Kauppakorkeakoulu | Laskentatoimen laitos | Yritysjuridiikka | 2015
Tutkielman numero: 13885
New generic top-level domain names and trademark protection - The expanding Internet in the light of UDRP and URS cases
|Otsikko:||New generic top-level domain names and trademark protection - The expanding Internet in the light of UDRP and URS cases|
|Vuosi:||2015 Kieli: eng|
|Asiasanat:||yritysjuridiikka; business law; internet; internet; tietoliikenne; data communication; tavaramerkki; trade marks; immateriaalioikeus; incorporeal right; digitaalitekniikka; digital technology|
|Avainsanat:||domain name; trade mark; protection; strategy; dispute resolution; UDRP; URS; intellectual property law; TRIPS; law and economics; legal positivism; Internet; lex digitalis|
This study examines the scope of protection for trademarks in situations where they have been used as Internet addressed, i.e. domain names. The focus of the analysis is on domain names registered in new generic top-level domain names (gTLDs) and on the related case practice by panels in two out-of-court administrative dispute resolution procedures, the Uniform Domain Name Dispute Resolution Policy (UDRP) established in 1999 and the Uniform Rapid Suspension System (URS), a new procedure introduced in 2013 to complement the UDRP.

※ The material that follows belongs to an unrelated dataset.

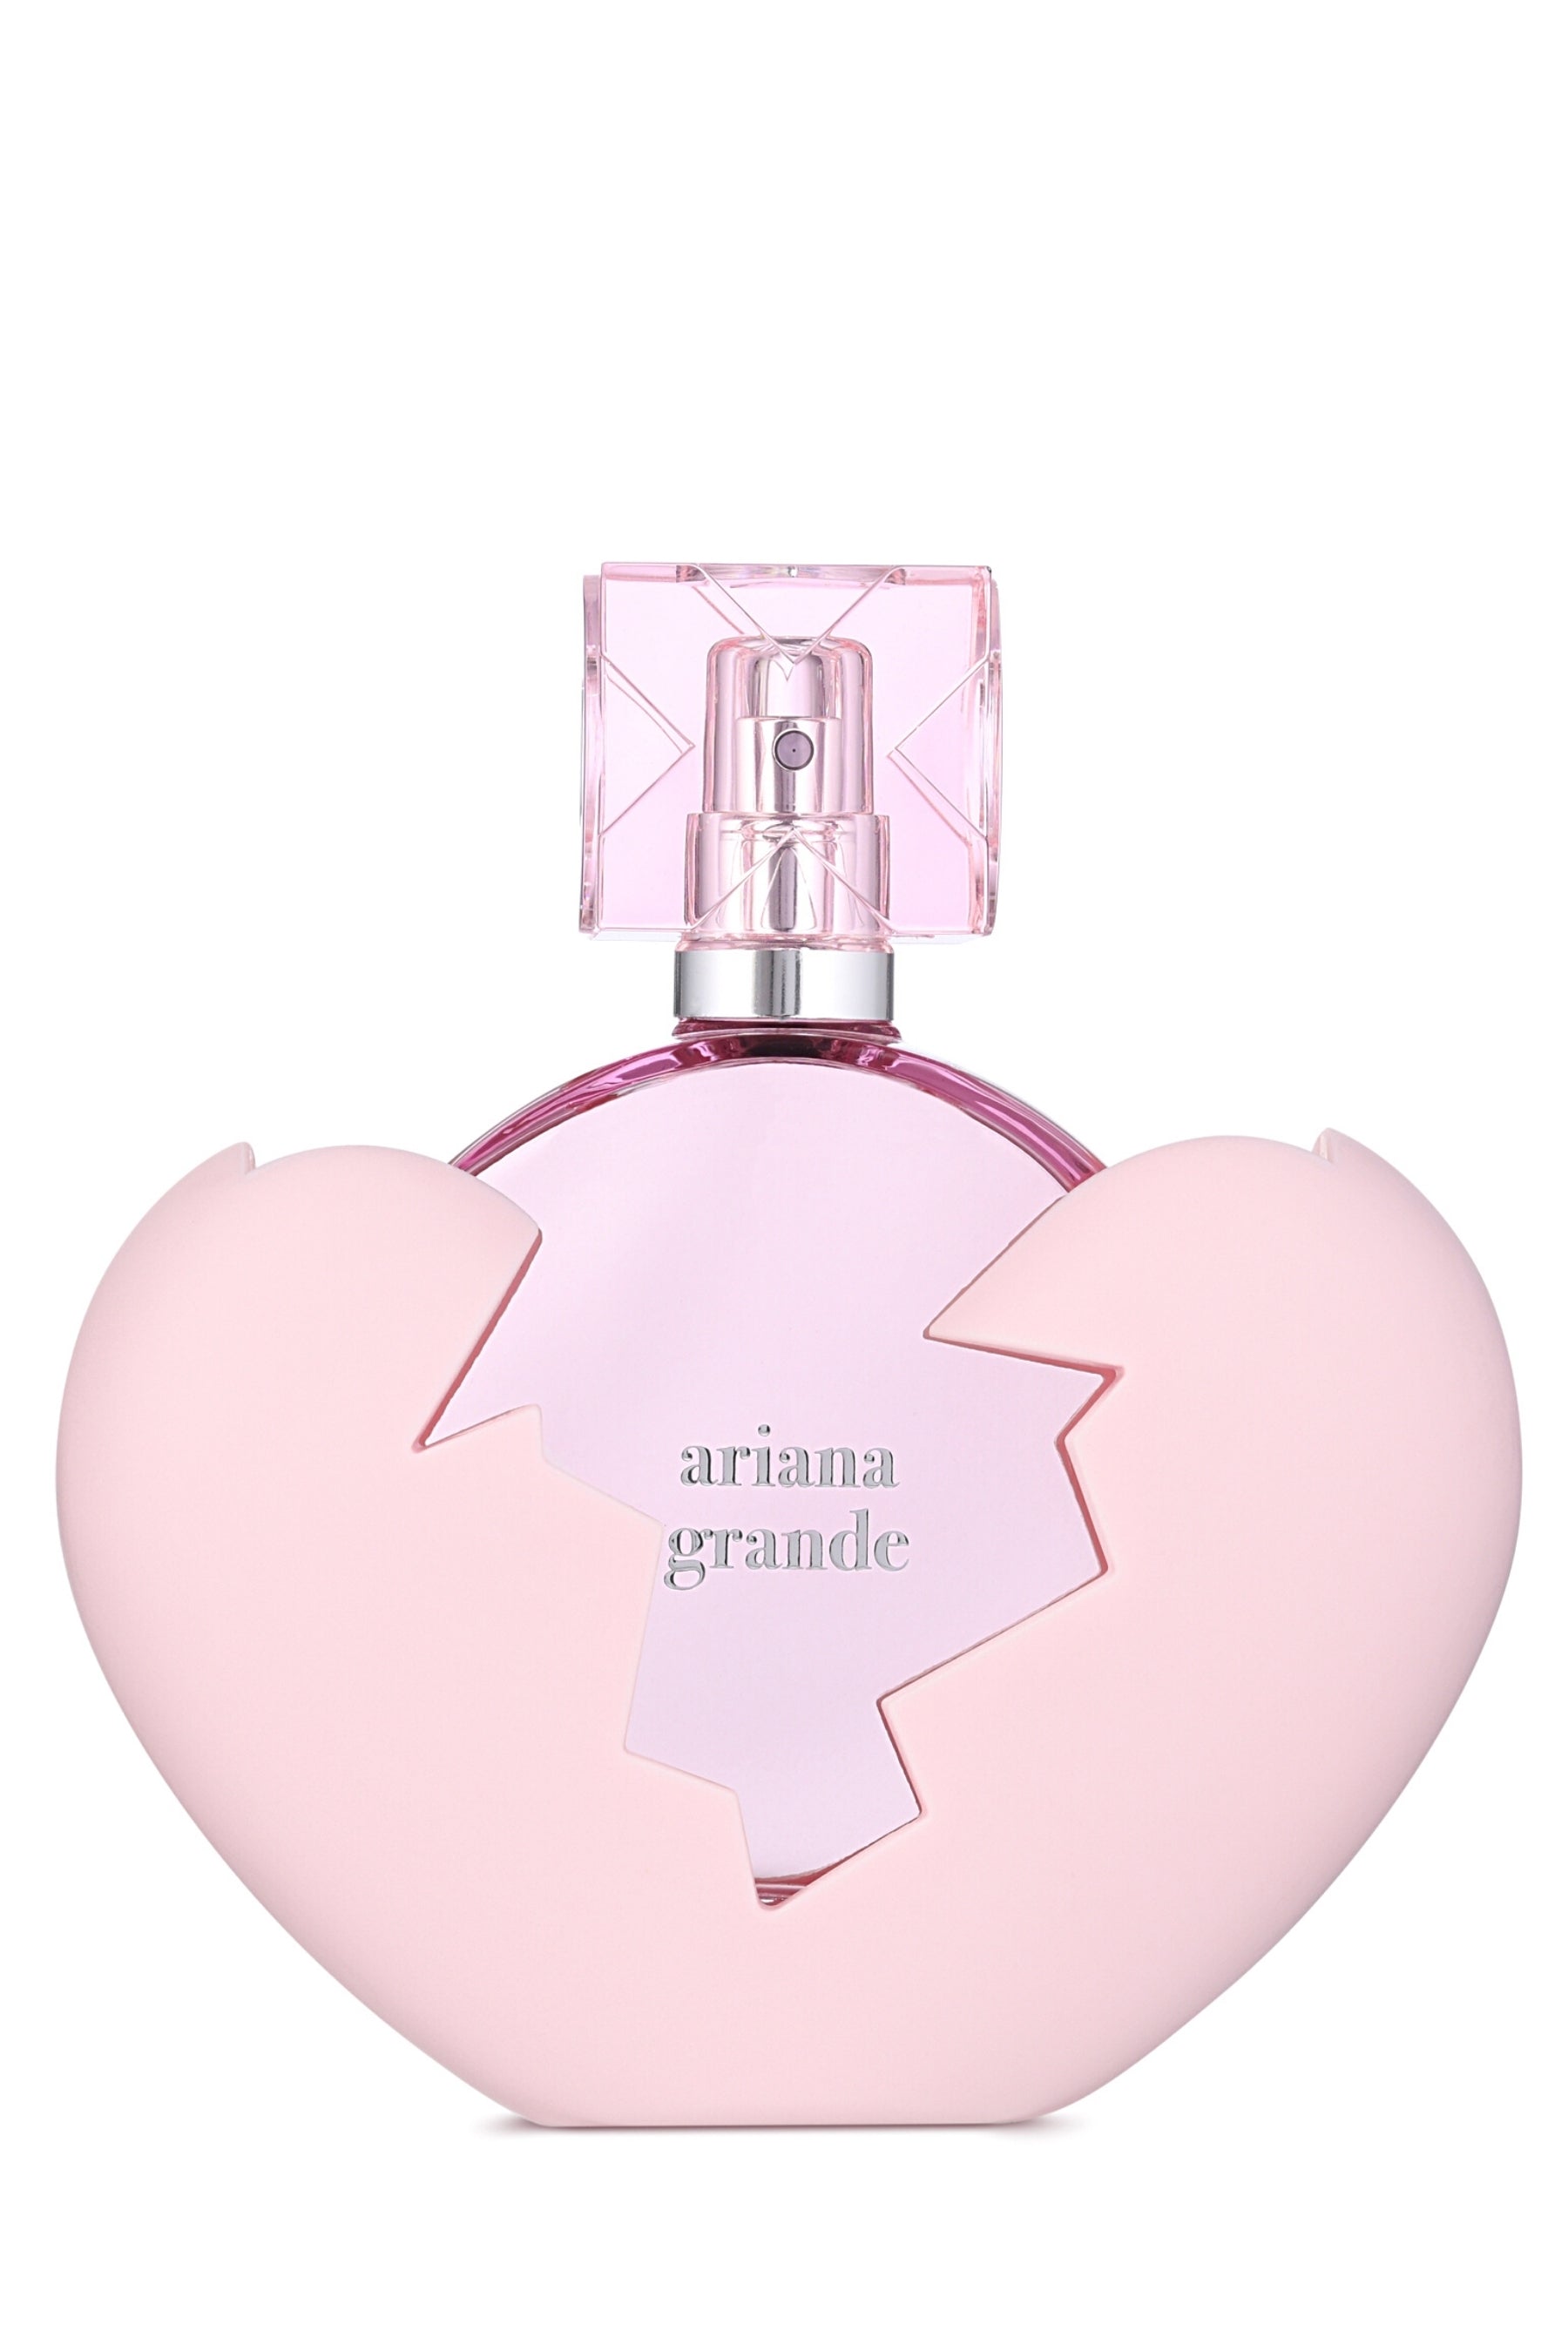 Ariana Grande | Thank U Next Eau de Parfum

The research methods and theoretical framework are versatile. In addition to legal dogmatics, also the following approaches have been used: law and economics, legal positivism and lex digitalis. The point of view is primarily that of a trademark holder engaged in business. In total, 153 UDRP cases and 194 URS cases have been studied.

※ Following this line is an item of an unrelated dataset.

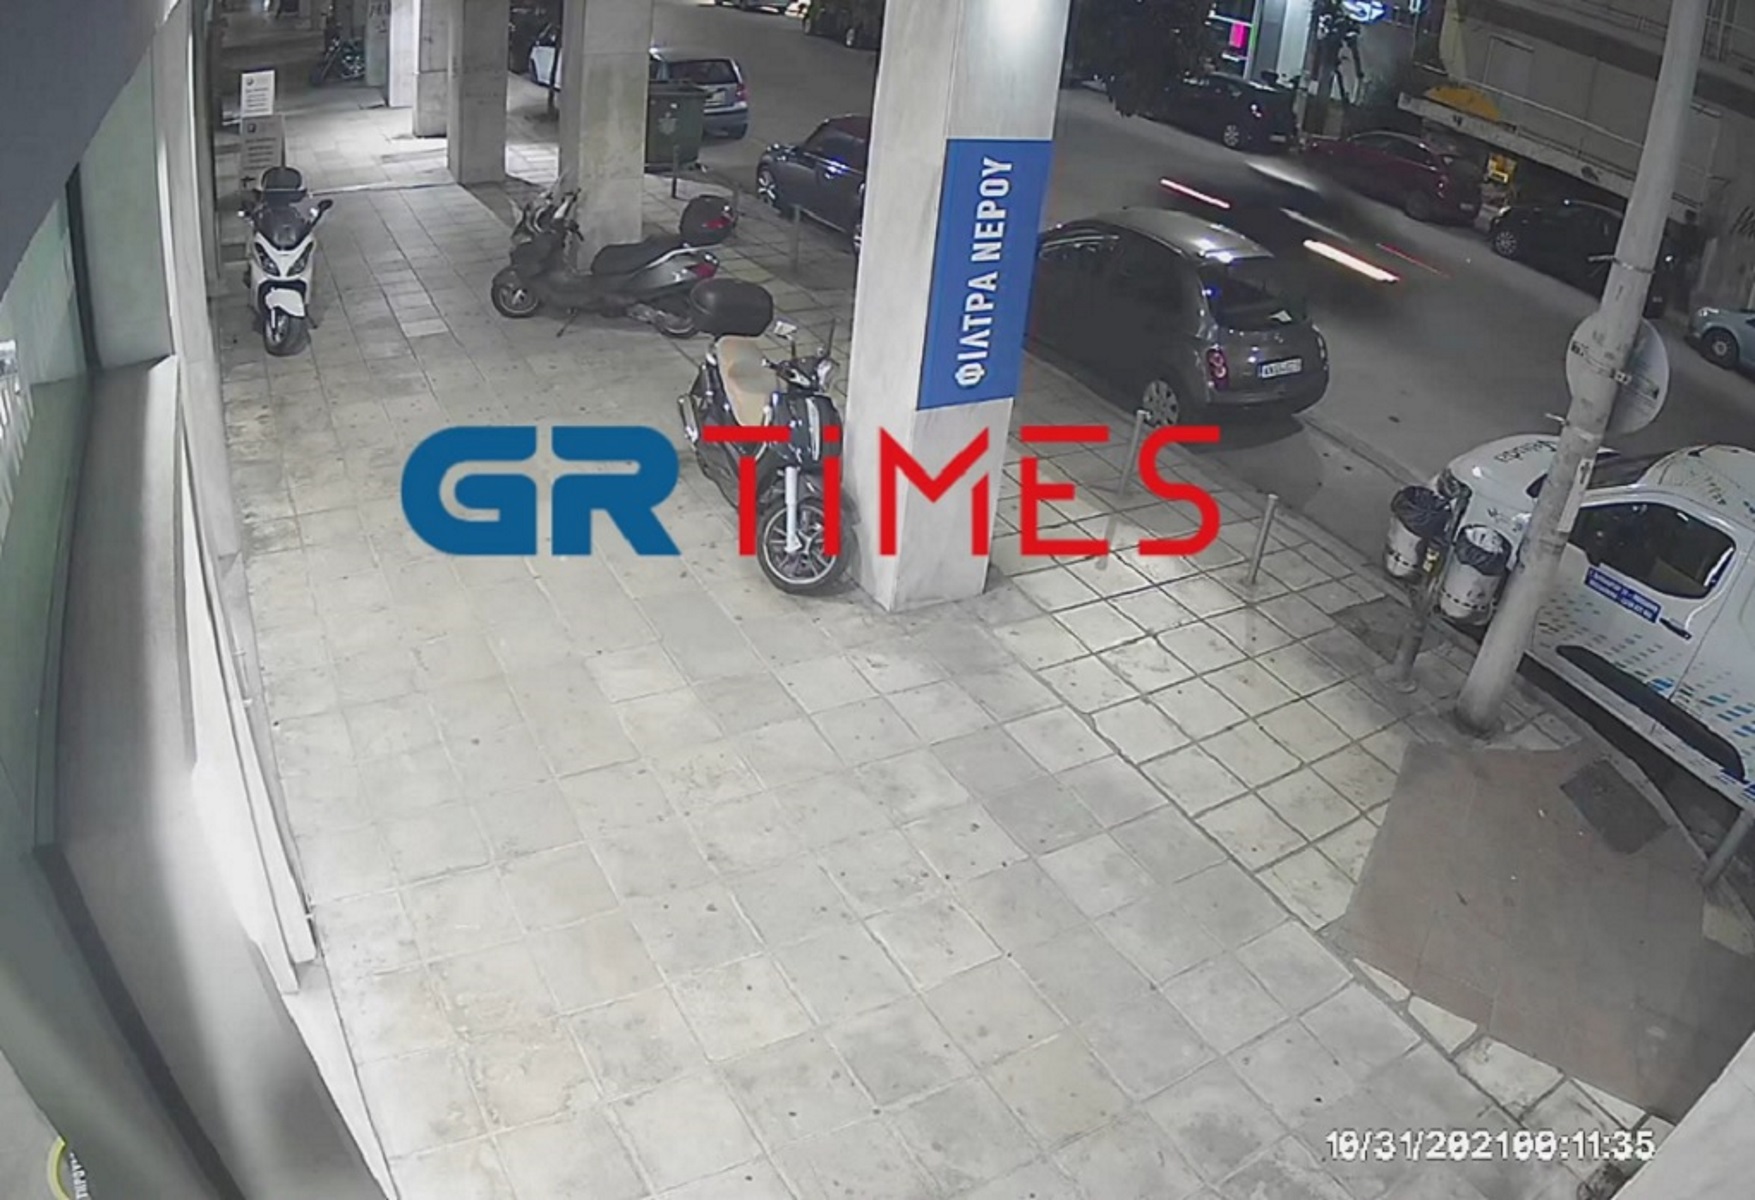 Θεσσαλονίκη: Νέο βίντεο ντοκουμέντο από το σπορ αυτοκίνητο που παρέσυρε και σκότωσε τον διανομέα

A successful complainant has to prove all elements of the three-prong test, which is substantially similar in both the UDRP and URS proceedings. The test involves the following parts: (i) the domain name is identical or confusingly similar to a trademark in which the complainant has rights, (ii) the respondent (i.e. domain name holder) has no rights or legitimate interest in respect to the domain name, and (iii) the domain name has been registered and is being used in bad faith.
The principal research questions are as follows. (i) What are the key elements of the new gTLD program? (ii) What empirical characteristics describe new gTLD cases? (iii) Have the new gTLDs brought about any changes to the previous interpretation of the three-prong test, and are there any common patterns or significant divergence relating to this interpretation within each procedure and between them? (iv) More generally, how could the advent of new gTLDs affect trademark protection?

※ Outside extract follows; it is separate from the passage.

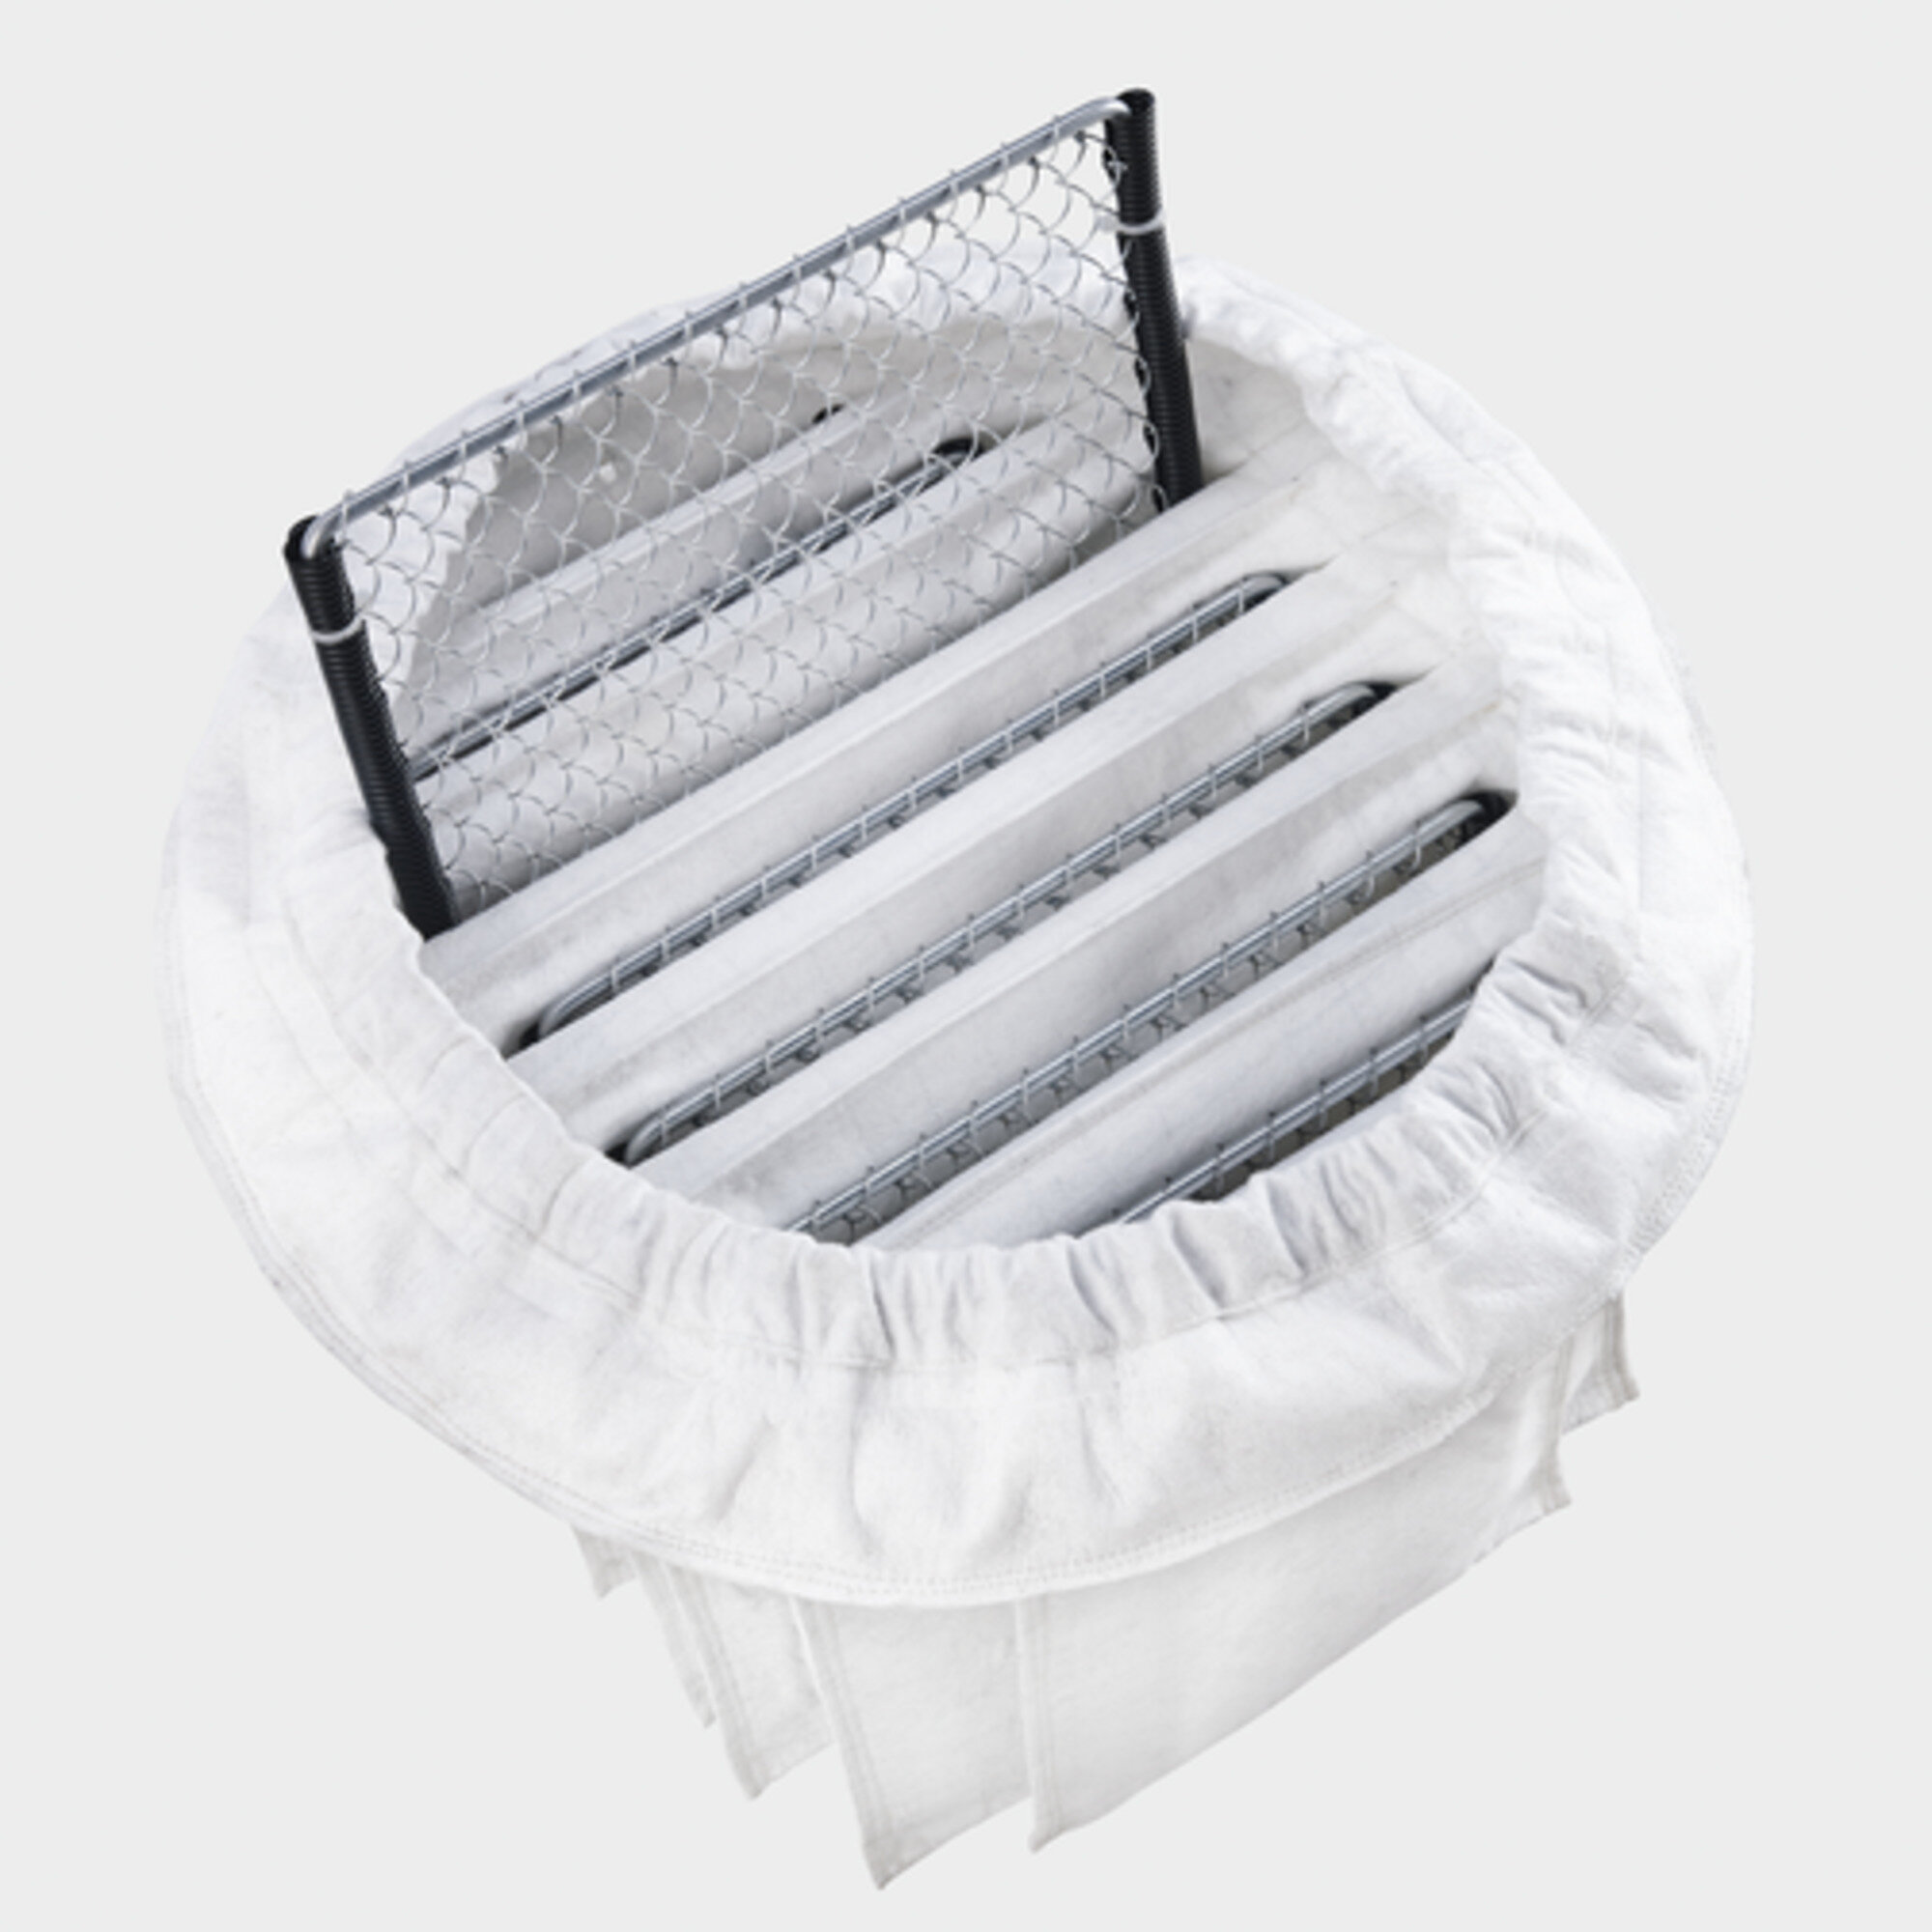  IVR 100/30 Sc: Vzdržljiv in pralen žepkasti filter za konstantno visoko moč sesanja

The most central research results are as follows. (i) Two polar approaches may be adopted in relation to the new gTLDs, the Irrelevance Approach and the Relevance Approach. I develop a framework for evaluating their relative merits. Under the Relevance Approach the new gTLDs may be considered relevant in the application of the three-prong test, whereas under the Irrelevance Approach their relevance is not considered. The Irrelevance Approach has been predominant when evaluating the three-prong test in both procedures, the main exception being the application of the Relevance Approach by a quarter of the UDRP panels in relation to the first element of the test. (ii) Trademark holders should use the URS in the most infringing cases since the URS is substantially faster than the UDRP but it provides only a limited remedy option. (iii) Cybersquatting will most likely increase in the future. (iv) Trademark holders could use a proactive, defensive and/or passive strategy in the online name space. When making strategic decisions, central aspects for trademark holders to consider could involve cost-efficiency, limitedness of resources, and signaling effects. Finally, I stress that trademark protection strategies both offline and online should be unified to create competitive advantage.